Three State Agency Chiefs Tell TTV Their States Need Congress to Invest for Long Term

AASHTO Journal, 5 June 2015

In a special new report on AASHTO’s Transportation TV, three heads of state departments of transportation speak about the importance of federal funding for them to plan infrastructure projects, and urge Congress to enact long-term legislation.

Those agency CE​Os – Pennsylvania’s Leslie Richards, Scott Bennett of Arkansas and Tennessee’s John Schroer – tell TTV that they would have to sharply rewrite their state project priority lists if federal funds are not available.

“We count on $1.6 billion a year, just Pennsylvania alone, in federal funds,” says Richards. “Without it, it would completely erase what our state program has done, because we would have to reprioritize all of our projects.”

Bennett explained how the short-term extensions of the Highway Trust Fund that Congress passed have disrupted Arkansas projects. His agency has shelved nearly $300 million worth of projects that it would have bid out to contractors this year if the federal fund flow was assured by law.
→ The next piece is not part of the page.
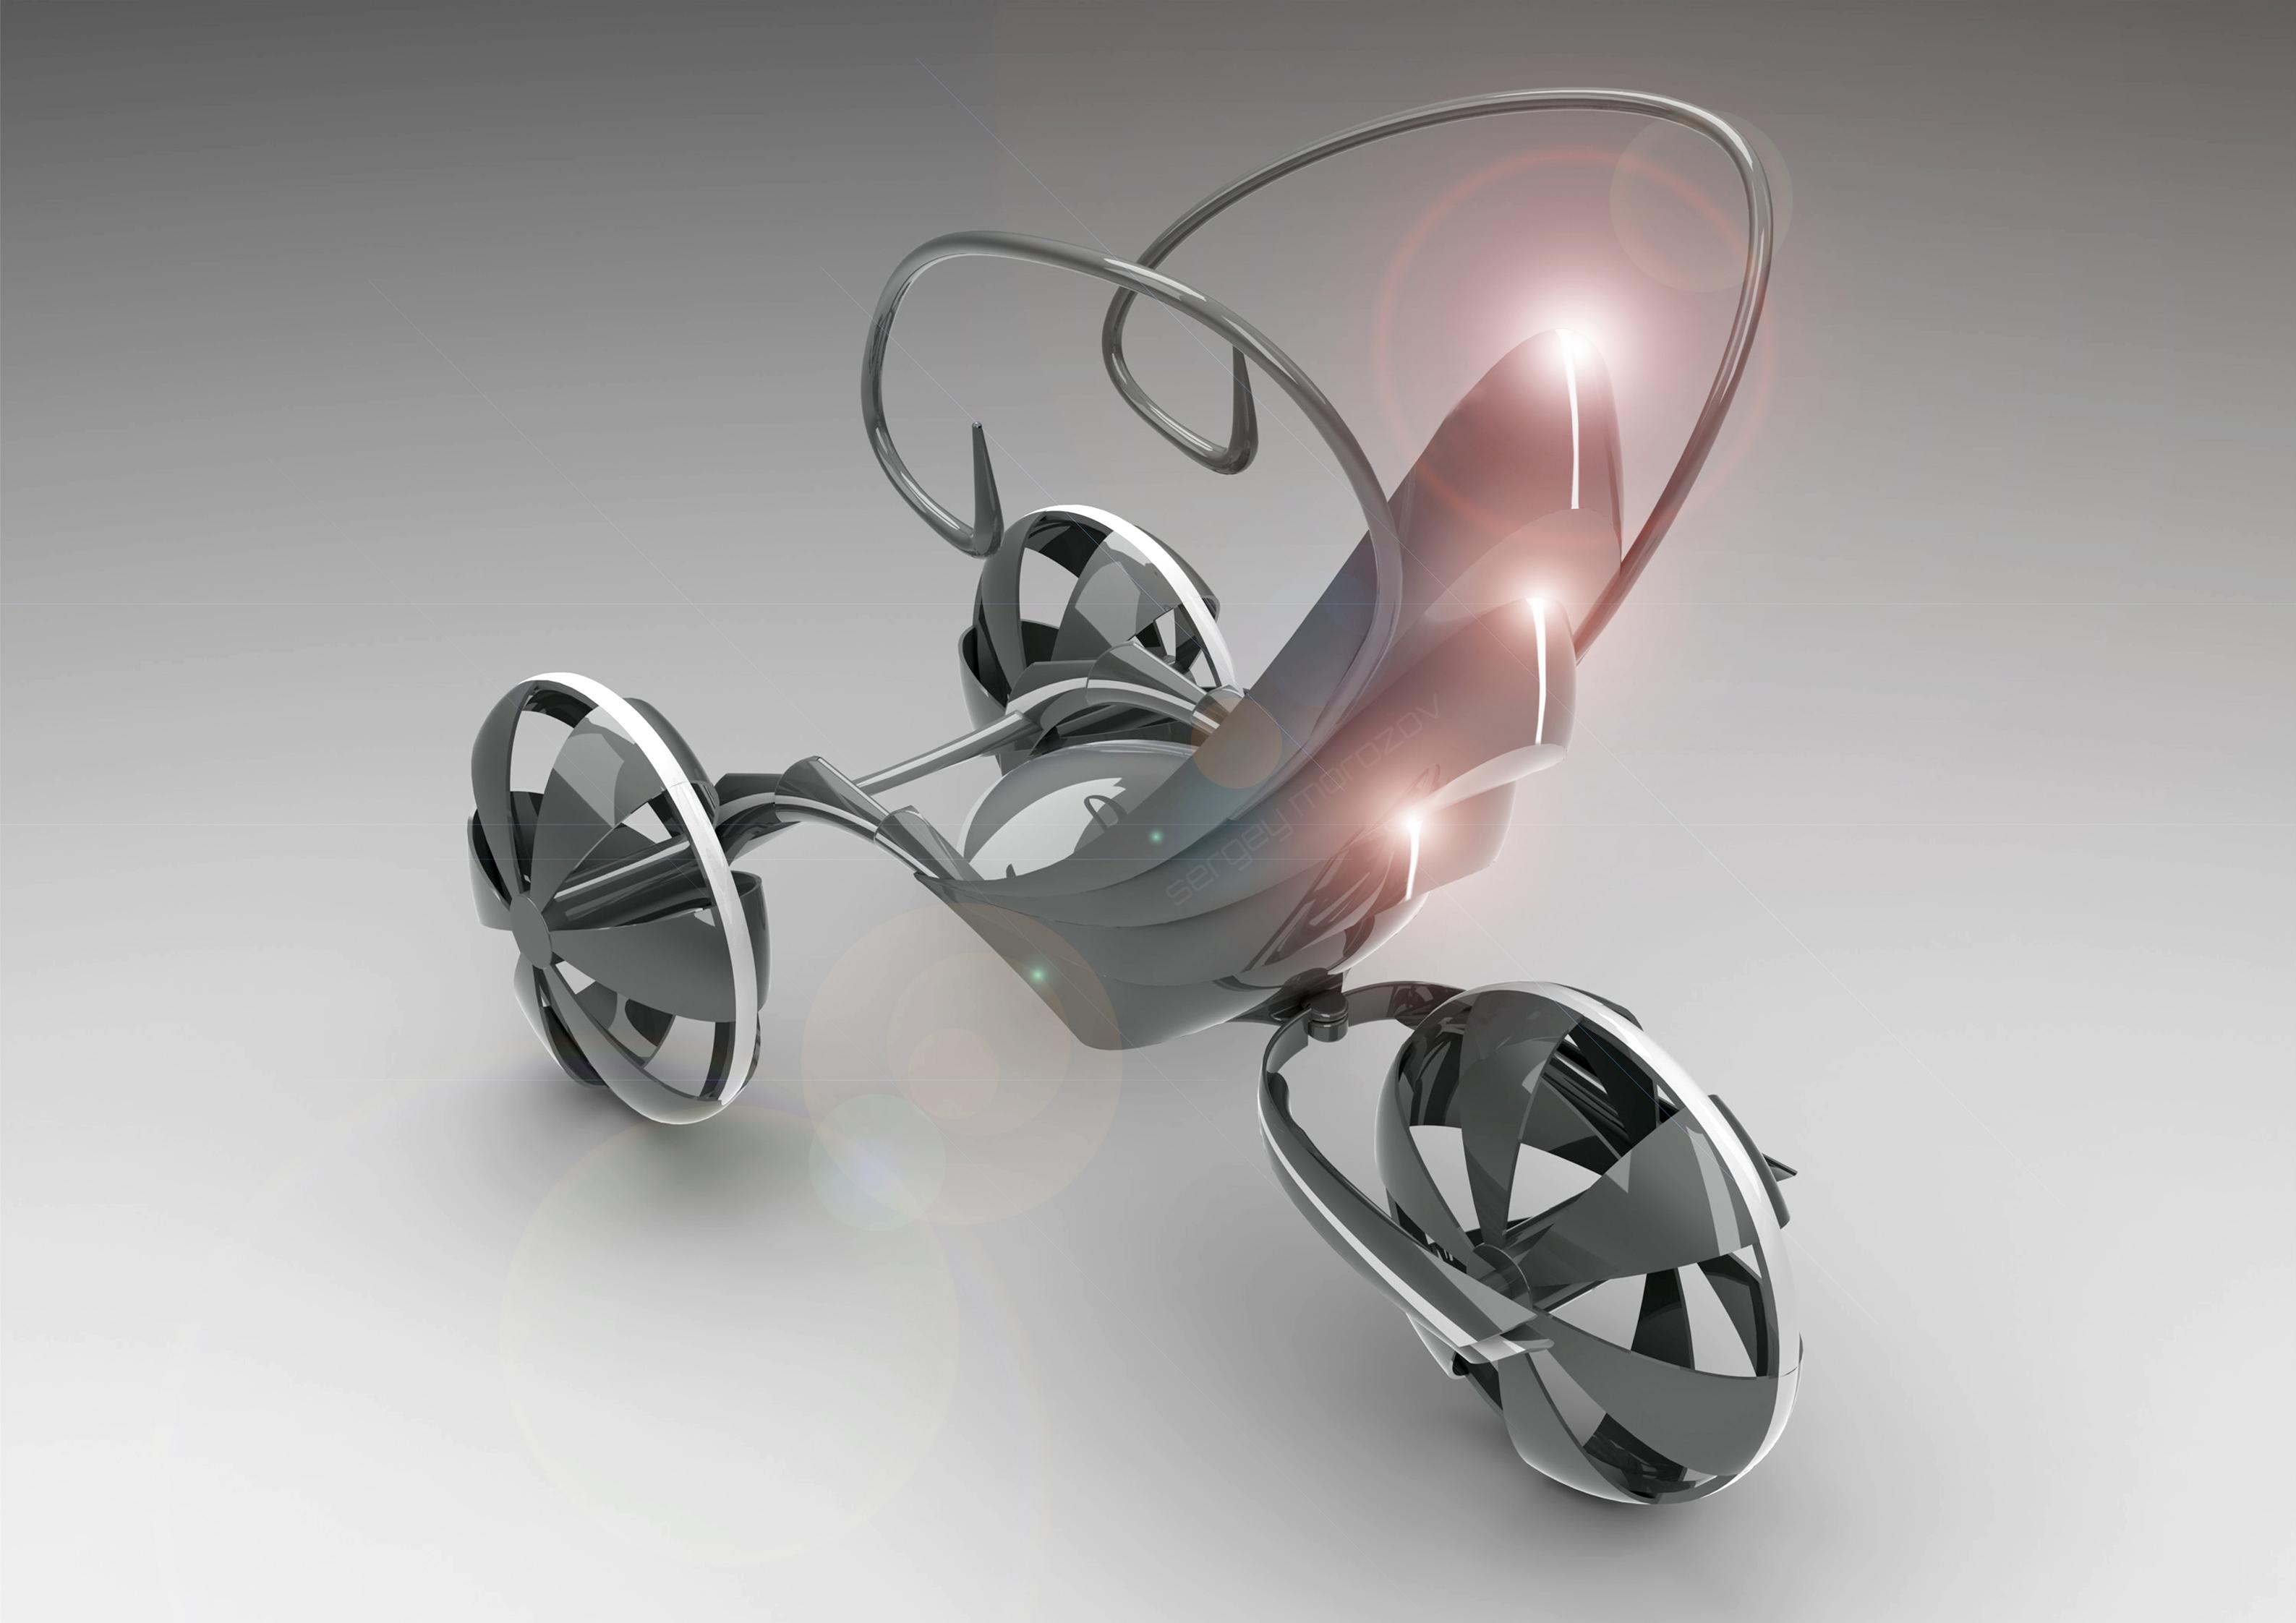 Caretta - концептуальный электрический скутер для бездорожья (5 фото)
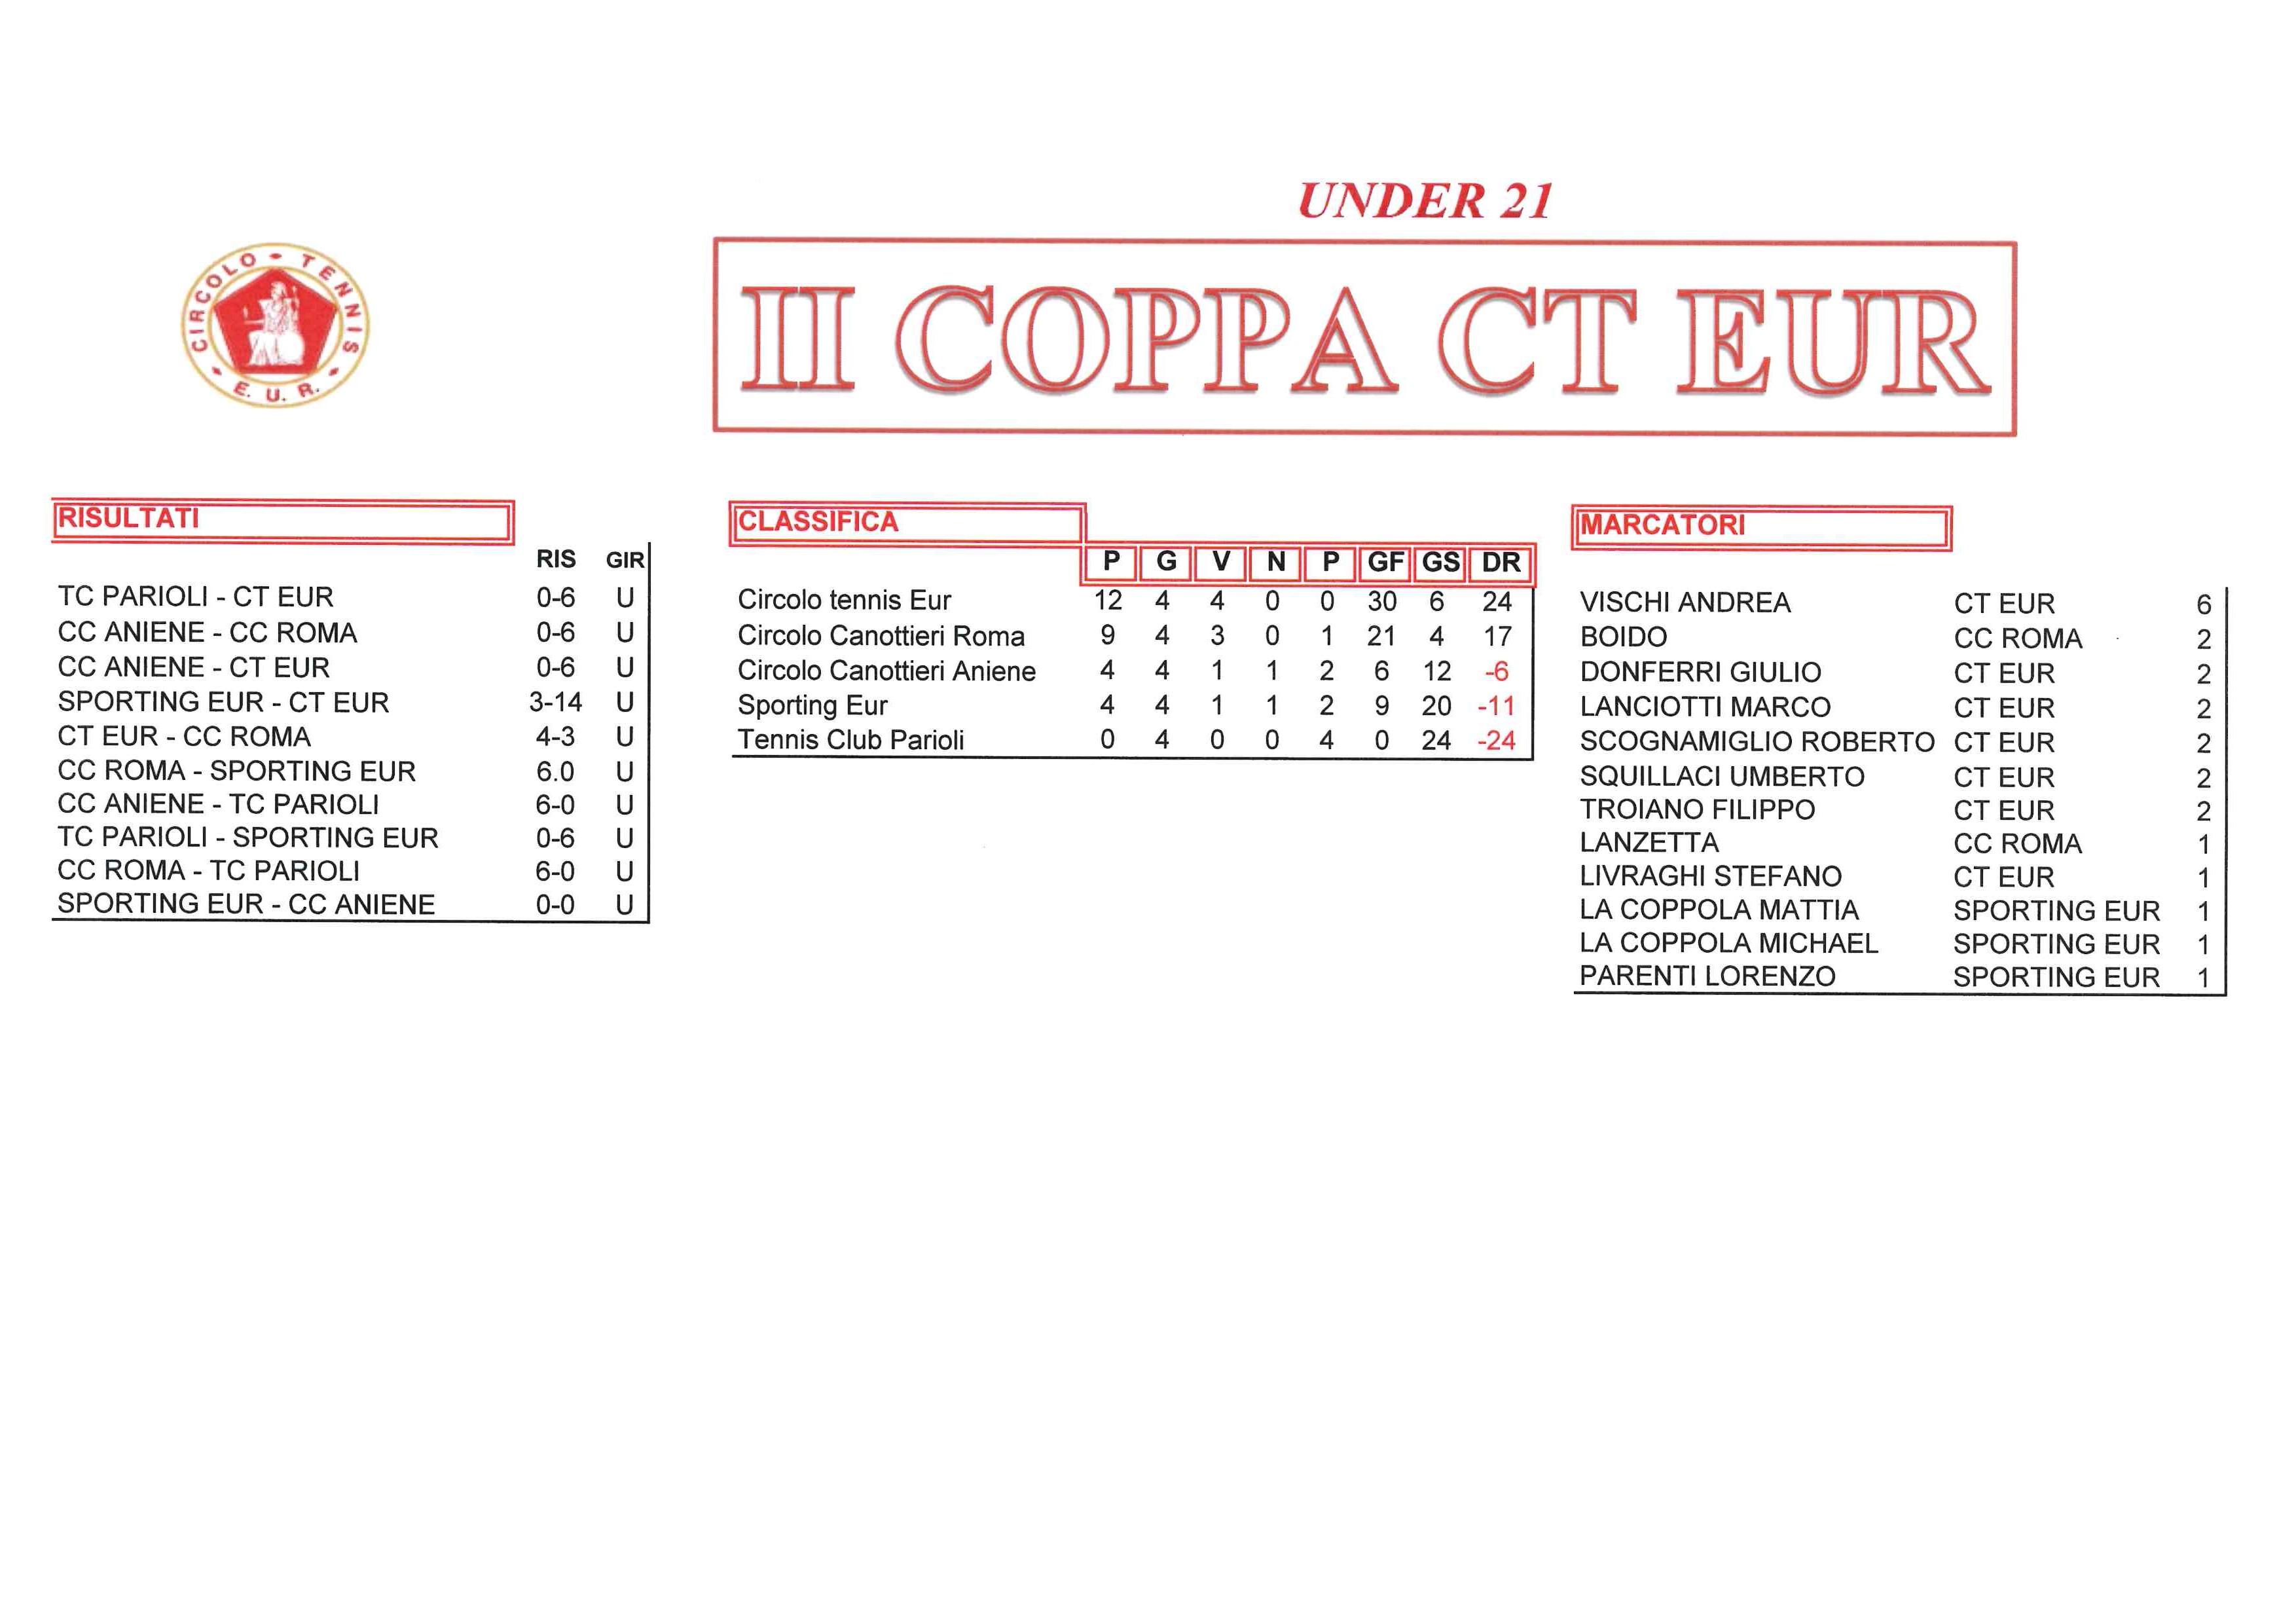 coppa-CT-Eur-risultati-del-4-ottobre-2017-Under-21

“Contractors that have counted on that work, have staffed up for that work – that work’s not going to be available for them this year,” he said. “The safety is going to be continue to deteriorate, and there’s a compounded impact” when states cannot count on the funding stream.

Schroer also said the nation faces extra costs from inaction on federal trust fund legislation. Tennessee was the first state to announce last fall that it was idling construction and engineering projects in 2015 – $400 million worth – because it had to have federal dollars at the ready when contractor bills would come due.

“This nation was built on strong infrastructure,” Schroer told TTV. “We became so great because of strong infrastructure, and we’re abandoning that principle.” Meanwhile, he said, other nations are taking up the infrastructure lesson and investing.

By failing to invest adequately, he said the United States could find itself back in conditions of poor roads across country, such as before it launched the Interstate Highway System in the 1950s. “We’re going to back where we were, with crumbling roads, in the ’50s,” Schroer said, “and other countries are going to surpass us.”

The lesson, he said, is that “our leaders have got to stand up and take notice, and make the right vote.”